Search for random sentences in the text. Can avoid certain words

Parameters:
  • grab (int) – Number of random sequence to retrieve
  • window (int) – Number of lines to retrieve
  • avoid – List of lemmas NOT TO be included in random
  • _taken – Used internally to check we do not sample with the same element again
  • _generator – If set to True, returns the window and its index in the text
Returns:

Generator with random texts

Note

Right now, new window found are not added to _taken, which is problematic

raw
class archives_org_latin_toolkit.Repo(directory, metadata=None, lowercase=False)[source]

Bases: object

Repo reading object for archive_org

Parameters:
  • file (str) – File path
  • metadata (Metadata) – Metadata registry
  • lowercase (bool) – Clean Text will be in lowercase
find(*strings, multiprocess=None, memory_efficient=True)[source]

Find files who contains given strings

Parameters:
  • strings – Strings as multiple arguments
  • multiprocess (int) – Number of process to spawn
  • memory_efficient (bool) – Drop the content of files to avoid filling the ram with unused content
Returns:

Files who are matching the strings

Return type:

generator

get(identifier)[source]

Get the Text object given its identifier

Parameters:identifier (str) – Filename or identifier
Returns:Text object
Return type:Text
metadata

Helpers

archives_org_latin_toolkit.period(x)[source]

Parse a period in metadata.
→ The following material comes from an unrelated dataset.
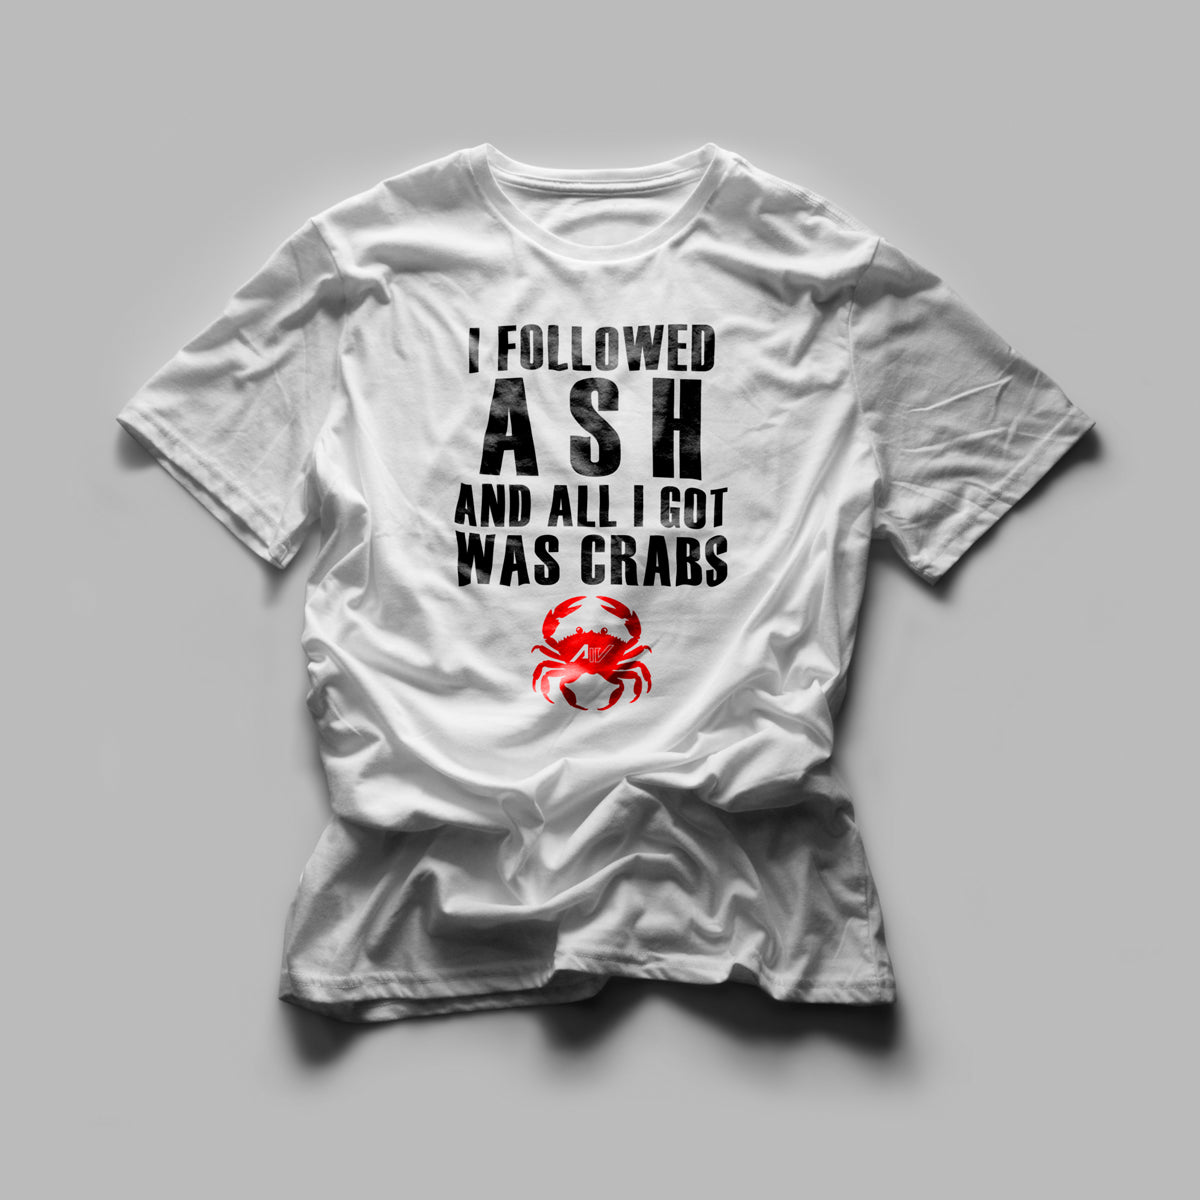 AshIV_ - I Got Crabs Tee

If there is multiple dates, returns the mean

Parameters:x (str) – Value to parse
Returns:Parsed numeral
Return type:int
archives_org_latin_toolkit.bce(x)[source]

Format A BCE string

Parameters:x (str) – Value to parse
Returns:Parsed numeral
Return type:str
archives_org_latin_toolkit.__window__(array, window, i)[source]

Compute embedding using i

Parameters:
  • strings
  • window – Number of word to take left, then right [ len(result) = (2*window)+1 ]
  • i – Index of the word
  • memory_efficient (bool) – Drop the content of files to avoid filling the ram with unused content
Returns:

List of words

archives_org_latin_toolkit.__find_multiprocess__(args)[source]

Find files who contains given strings

Parameters:args – Tuple where first element are Strings as list and second element is list of file objects
Returns:Files who are matching the strings
Return type:list